PROBLEM REQUIREMENTS - Set down precisely the lines from the line with "aurona@aurona.sk" through the end of the material, inclusive, and no pictures.
===
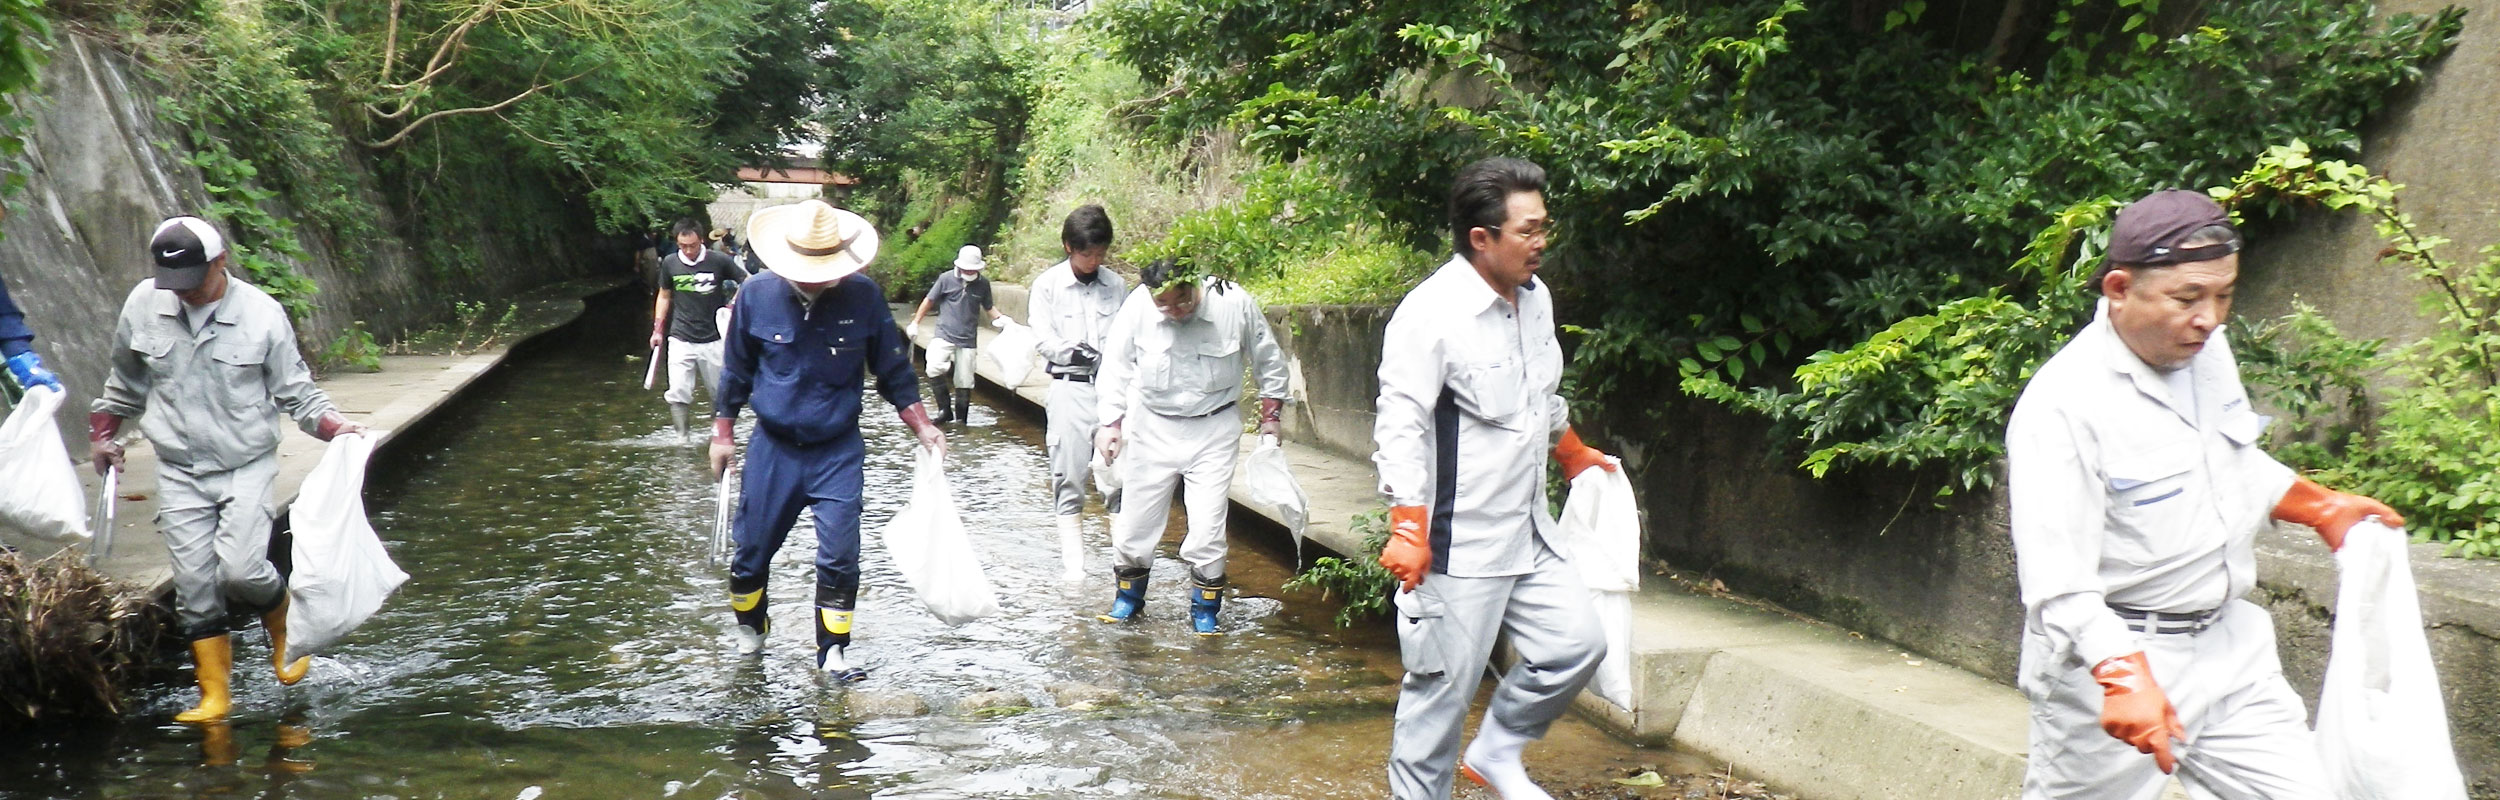 更紗川の清掃活動
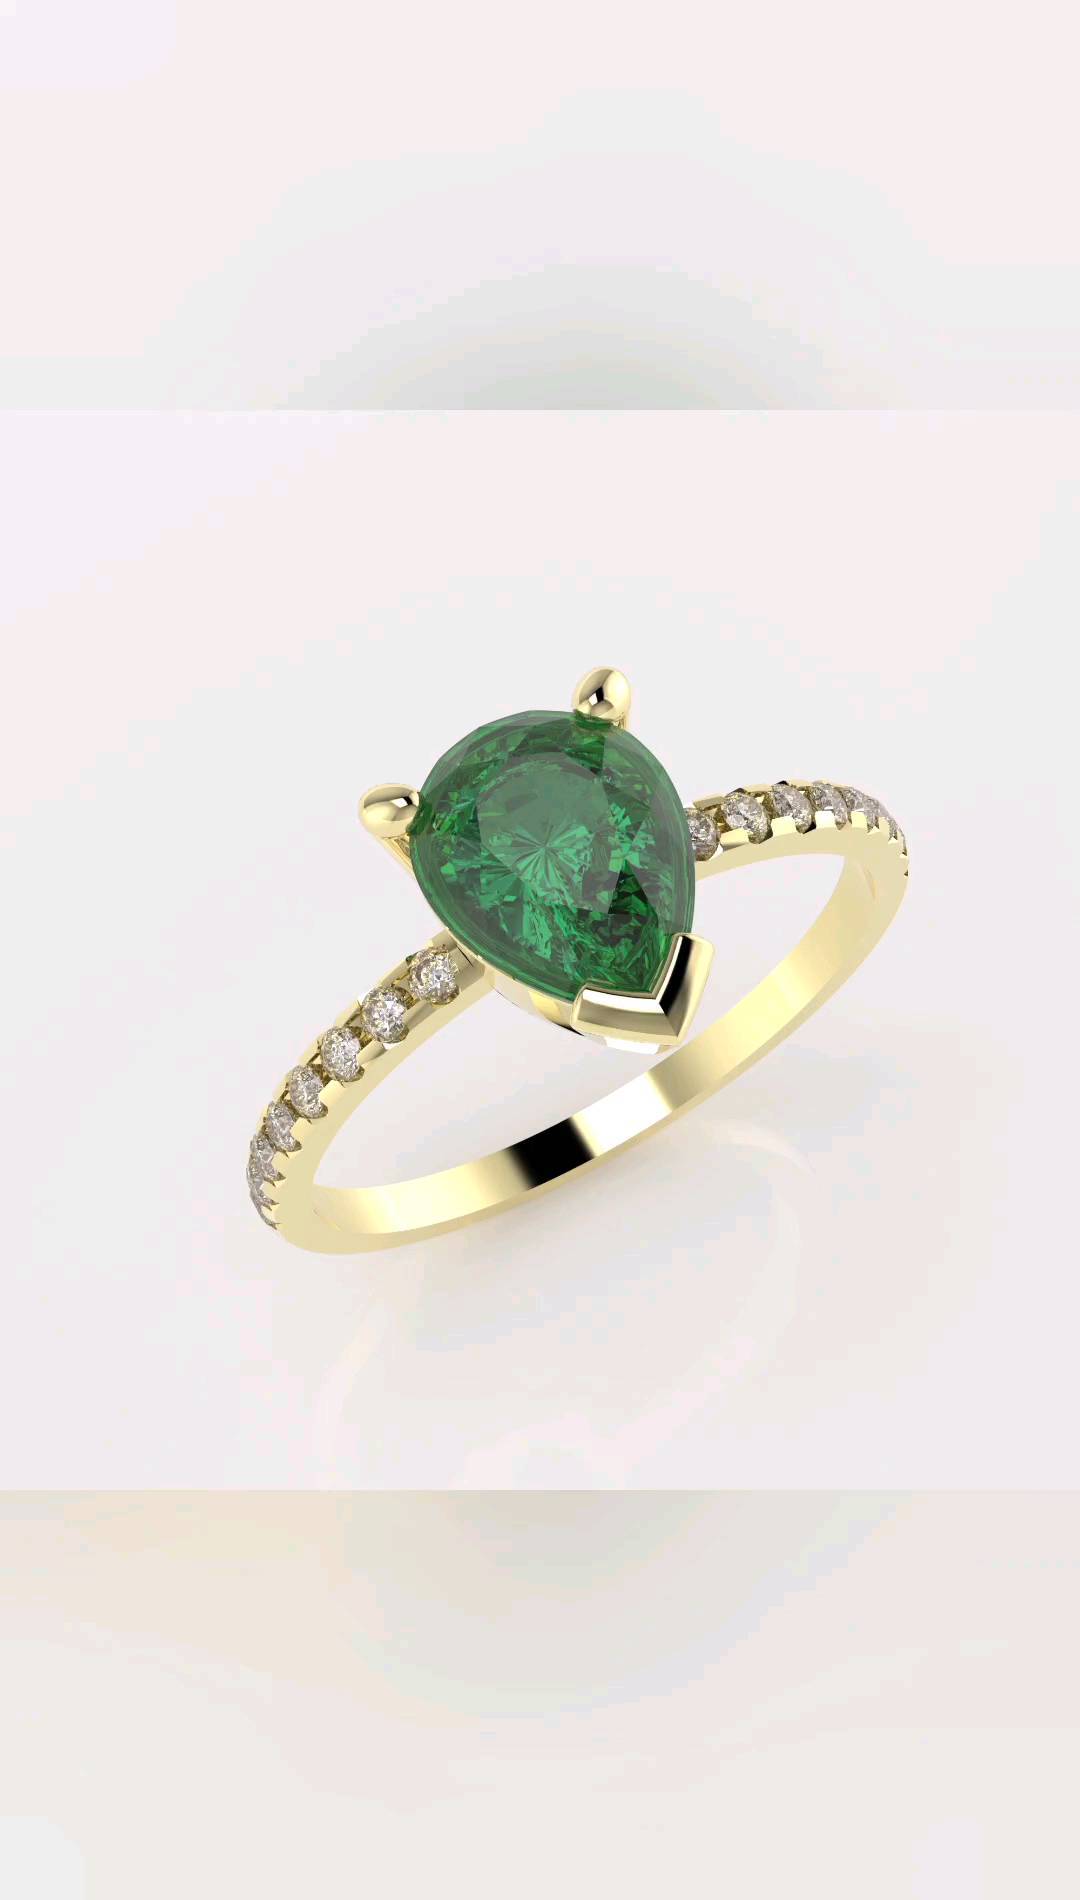 Predstavujeme vám náš nový návrh damskeho prsteňa ktorý bude zaradený aj do našej ponuky na e-shope. Kamene máme skladom či už sa rozhodnete pre zirkóny, moissanity alebo diamanty 💎. Objednávky prijímame na:
😉

aurona@aurona.sk
0914 23 23 82
www.aurona.sk

#vianocnydarcek #womensring #3dmodeling #sperkynamieru #sperky #zlatnickadielna #goldsmith #luxury #beautiful #prsten #darcek #love #topquality #zakazkovavyroba
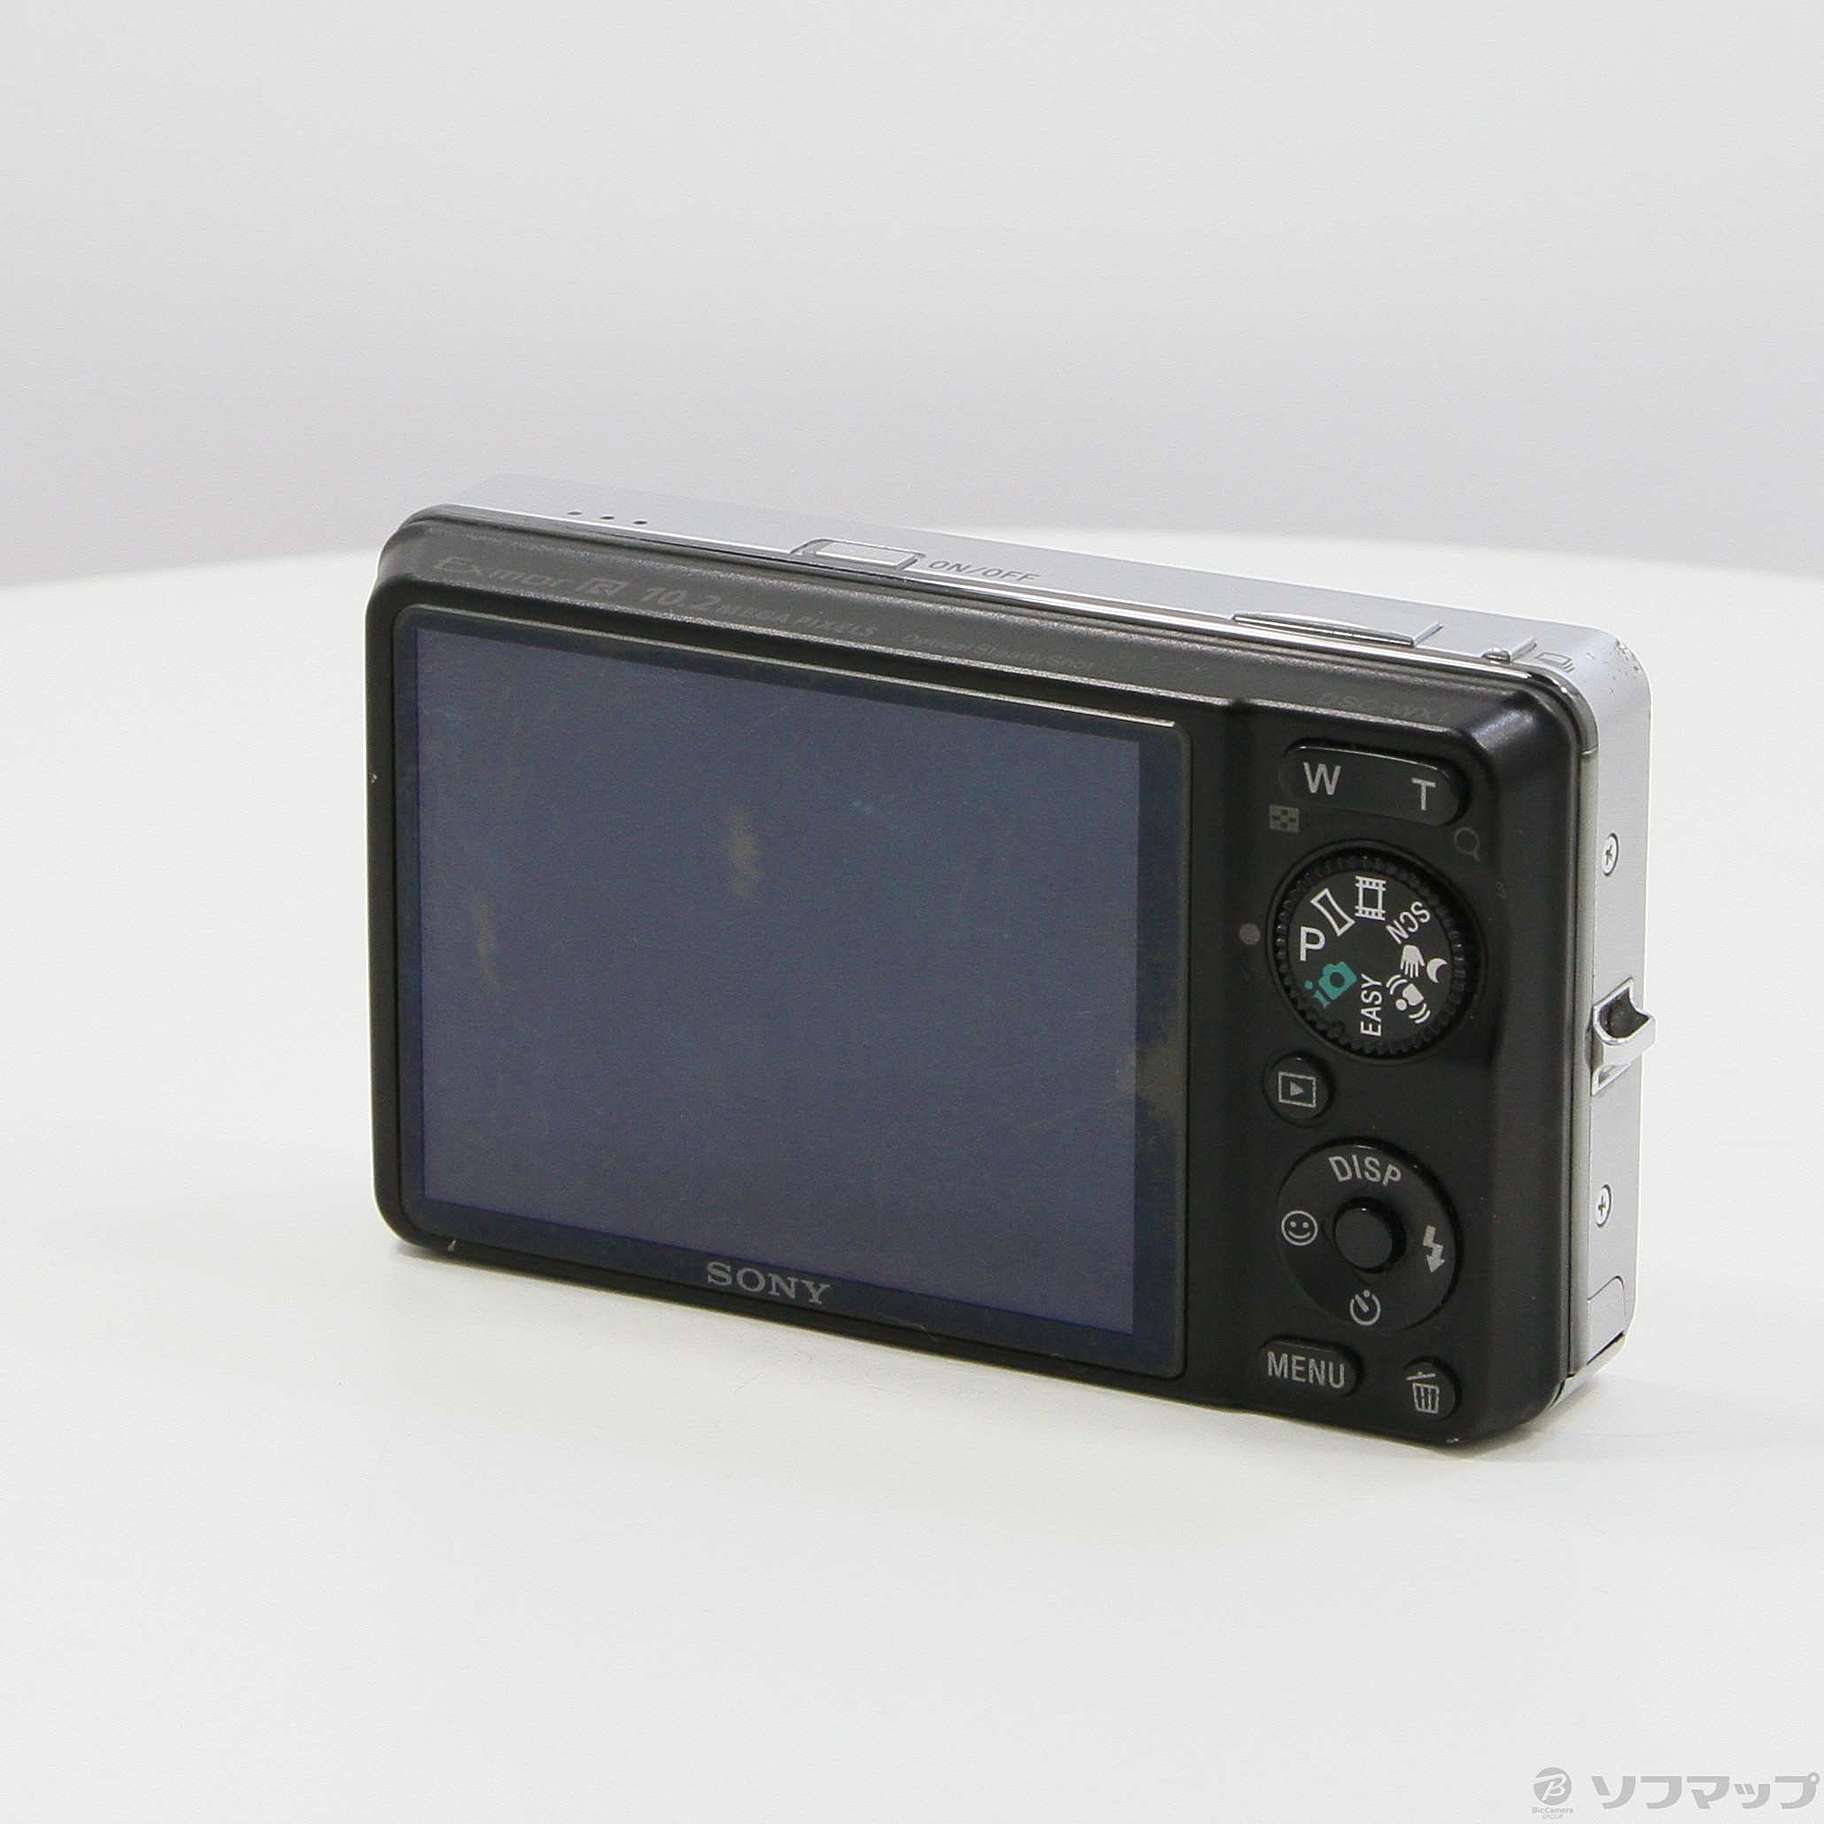 ソニー製の小型デジカメです。Cyber-shot DSC-WX1 - デジタル一眼
===
ANSWER SECTION -
aurona@aurona.sk
0914 23 23 82
www.aurona.sk

#vianocnydarcek #womensring #3dmodeling #sperkynamieru #sperky #zlatnickadielna #goldsmith #luxury #beautiful #prsten #darcek #love #topquality #zakazkovavyroba
 ソニー製の小型デジカメです。Cyber-shot DSC-WX1 - デジタル一眼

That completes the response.